There are a couple of interesting feeds that have been up a little while on AMC 6. One is a major network feed, from those proud bird people, and the other is its news network. They might be gone in a day or an hour, but there they are now.


----------



## TonyM (Aug 14, 2003)

and its posts like these that stuff gets scrambled...sigh


----------



## FTA Michael (Jul 21, 2002)

In the long run, everything gets scrambled, so you can blame any given post the way you can blame the weatherman for making it rain. In the short run, heck, The Weather Network is still available a week after LyngSat listed it.

Since I would try to Not Be Careless enough to mention any keywords, the alert should not attract web spiders' attention. But it's insulting to the intelligence of the networks to suggest that they rely on us to determine which of their broadcasts are in the clear.
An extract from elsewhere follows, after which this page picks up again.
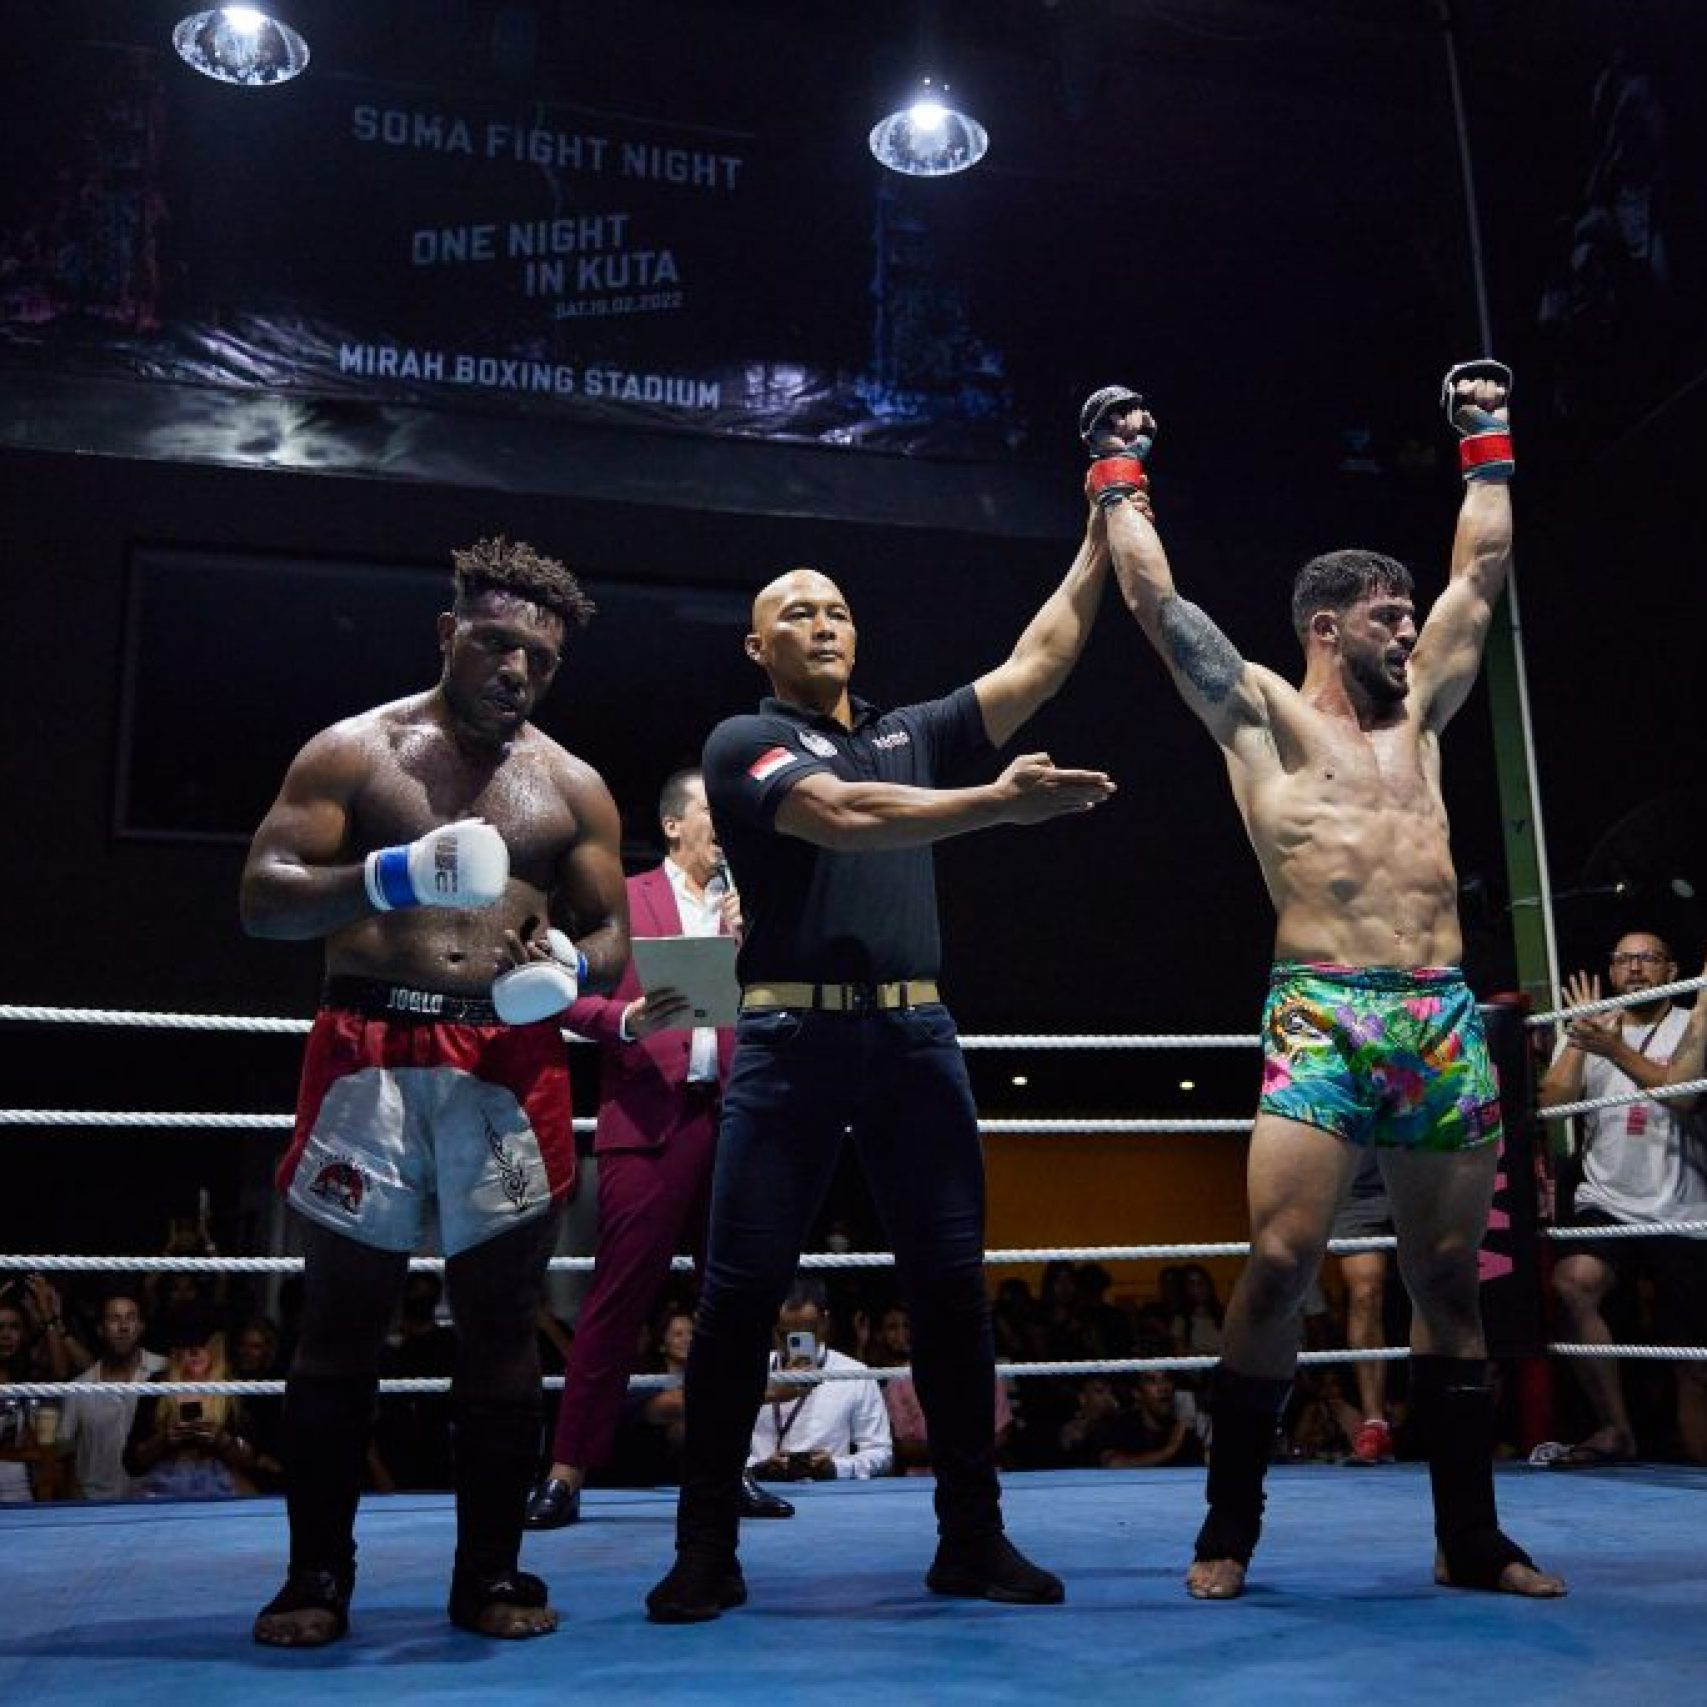 Bali hosted the Soma Fight Night ©GAMMA

Some folks want to use feed information as leverage to get people to join their group. That's their business. I prefer to share information freely to improve everyone's viewing experience. I welcome your contributions.


----------



## TonyM (Aug 14, 2003)

FTA Michael said:


> But it's insulting to the intelligence of the networks to suggest that they rely on us to determine which of their broadcasts are in the clear.


it isnt the networks usually...its 3rd parties of the networks that force the channels to scramble.



> Some folks want to use feed information as leverage to get people to join their group.


there is a reason most forums have an area for new finds. Its to keep the channels up there and hopefully they don't get scrambled. But as soon as someone blurts it out on a public forum then stuff can get scrambled. That is the reason most FTA forums have a "finds" area.
To help protect the channels that are in the clear so that they don't get scrambled.



> I prefer to share information freely to improve everyone's viewing experience. I welcome your contributions.


yeah we know that you like to blurt it out in public. And its because of people posting it in public areas that things get scrambled.

But I guess if you feel the need to "improve" peoples viewing by posting it in public when new stuff shows up, I guess thats your issue and I can't stop you.

Me, I'll stick to private areas on a couple forums where at least we know its secure.


----------



## FTA Michael (Jul 21, 2002)

TonyM said:


> And its because of people posting it in public areas that things get scrambled.


That seems to be one of those unshakable talking points, like "businesses pass all losses on to consumers". It's understandable that folks who would want to improve the perceived value of their organizations would adopt that as a mantra.

In this case, the programming I mentioned is already in the clear on C band, http://www.global-cm.net/MPEGlistCBandUS.html. It's true that it'll probably get scrambled some time, but if you think it's because I talked about proud birds, then you must think some really influential people visit here.

If you'd like to discuss what you think the guidelines for posting feeds here ought to be, please send me a PM.

UPDATE: As I typed this, I lost the signal for that cluster, but I found a tennis match warming up further down the dial. Maybe it'll be back, maybe not. Everything changes.

7:30 pm EDT Friday UPDATE: It's back. But it'll be gone again someday. Enjoy it while it's there.


----------